In March, 2016, Avni spoke for the first time before the United Nations Human Rights Council in Geneva, urging them and United Nations Secretary General Ban Ki-moon to condemn the murder of a civilian on a bus in Israel as an act of terrorism, calling the failure of the United Nations and the Secretary-General to do so an act of "hypocrisy."

“Killing civilians on a bus is terror. I challenge you to specifically condemn the murder of my father, Richard Lakin”, Avni stated when appearing before the UN and Secretary General Ban Ki-Moon, who visited following the murder in Armon Hanatziv. His second appearance occurred on 09.12.2016 when a closed discussion was held on the cessation of incitement that encourages terrorist activity. Avni said: “extreme terrorist organizations use social networks to incite and encourage young people around the world to join them”, calling the phenomenon, “open source jihad.” He said social media networks incited Baha ‘Alian, his father’s murderer, who was later described as a shahid on Facebook.

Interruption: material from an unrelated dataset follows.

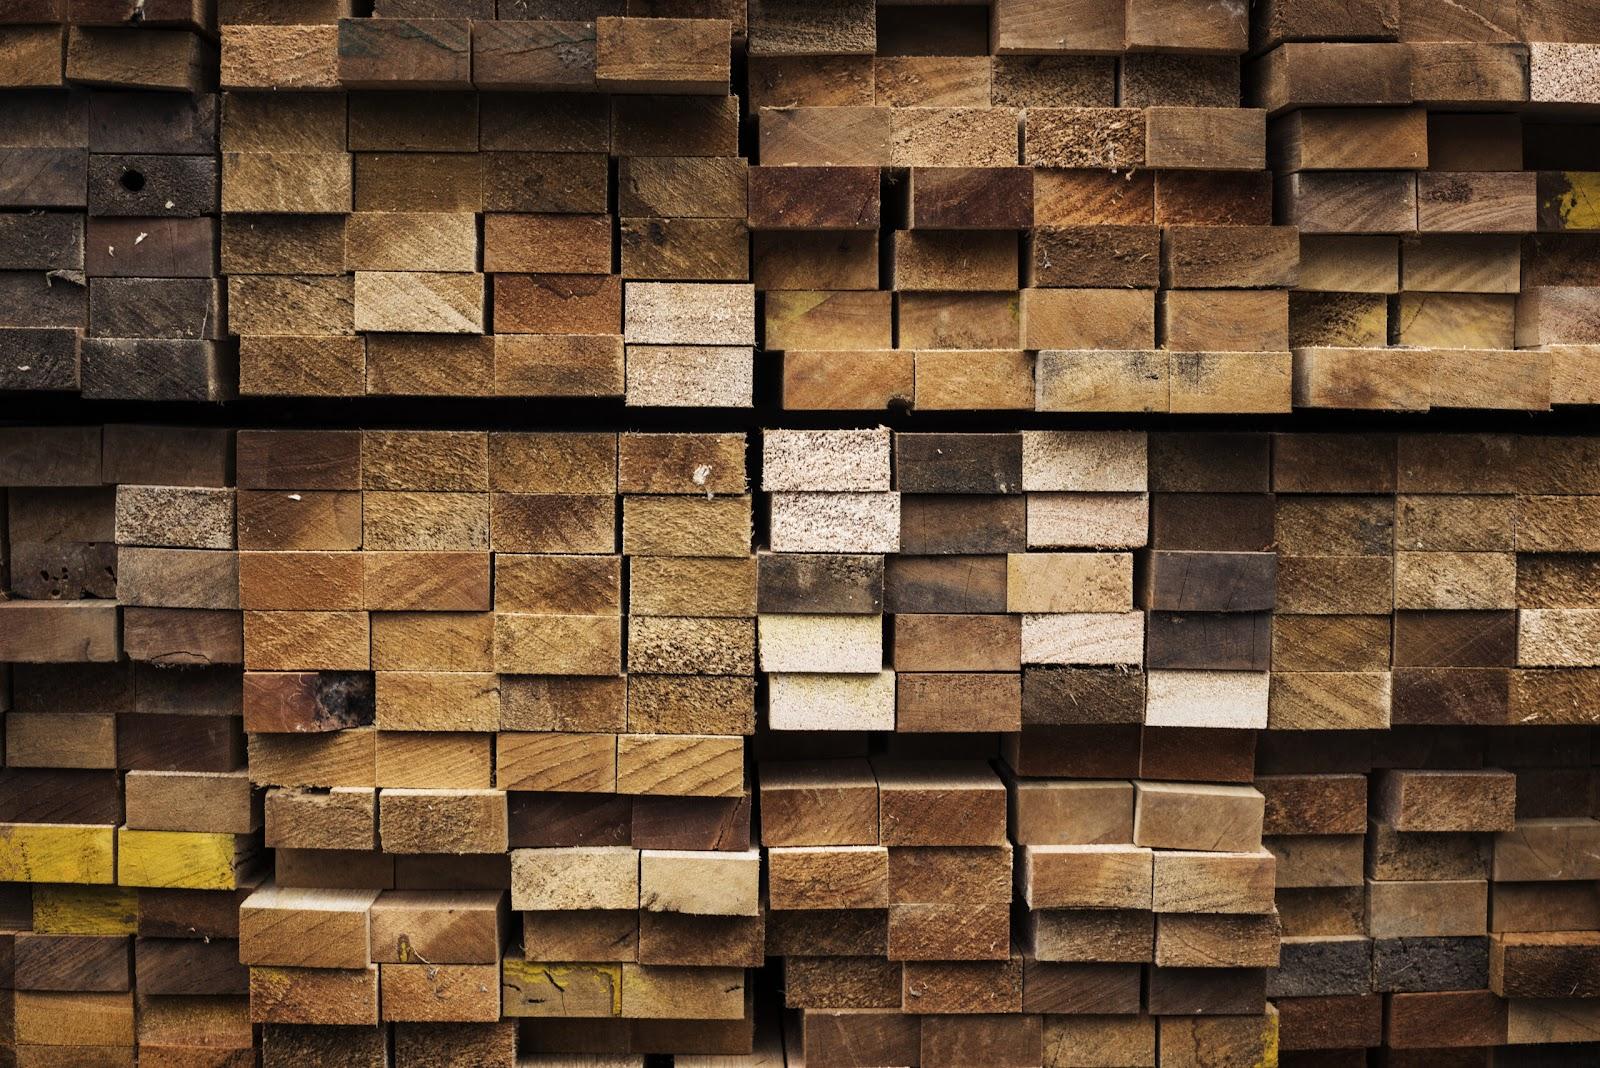 ไม้จ๊อย คือ ไม้ที่มีการนำมาต่อกันให้ยาว ไม้ท่อนจ๊อย

Avni called on the UN “to condemn the Chairman of the Palestinian Authority and the Palestinian Authority for creating a culture of hatred and an ecosystem of incitement to terror, and demand that the Chairman of the Palestinian Authority and the Palestinian Authority stop poisoning the minds of innocent Palestinian children against peace.”

In the wake of his father's murder, Avni became a lead plaintiff in the 2015 Facebook lawsuit filed in a New York state court by 2,000 Israeli victims of Palestinian terror attack against Facebook, on the grounds that the social media company permitted the posting of "incitement to murder and the glorification of violence against innocent civilians." His father's murderer, Bahas Alian, had announced his planned attack in advance on Facebook.

In total, Avni filed two civil suits against Facebook. One of the suits totaled one billion dollars. At 2017 Avni was involved in efforts to expose the phenomenon of videos on YouTube that encourage terrorism and are funded by advertisements of international corporations. Following investigation and publication on the topic by the British Times, there has been a decrease in the number of videos on social media networks that encourage incitement, violence, and racism as well as the removal of Hamas and its leaders social media accounts.

In March 2018 Avni appeared again in front of the UN Human Rights Council where he said: “The Palestinian Authority actually has a pay-to-slay law. Palestinians systematically pay terrorists to murder Jews". Members of this council, what if I were to pay 300 million dollars to have all of your fathers butchered, would you report on that?”

As of January 2018, Avni also serves as the Chairman of Concert – Together for Israel (previously known as "Kela Shlomo"), a public-private partnership established to combat the delegitimization of the State of Israel and the BDS movement.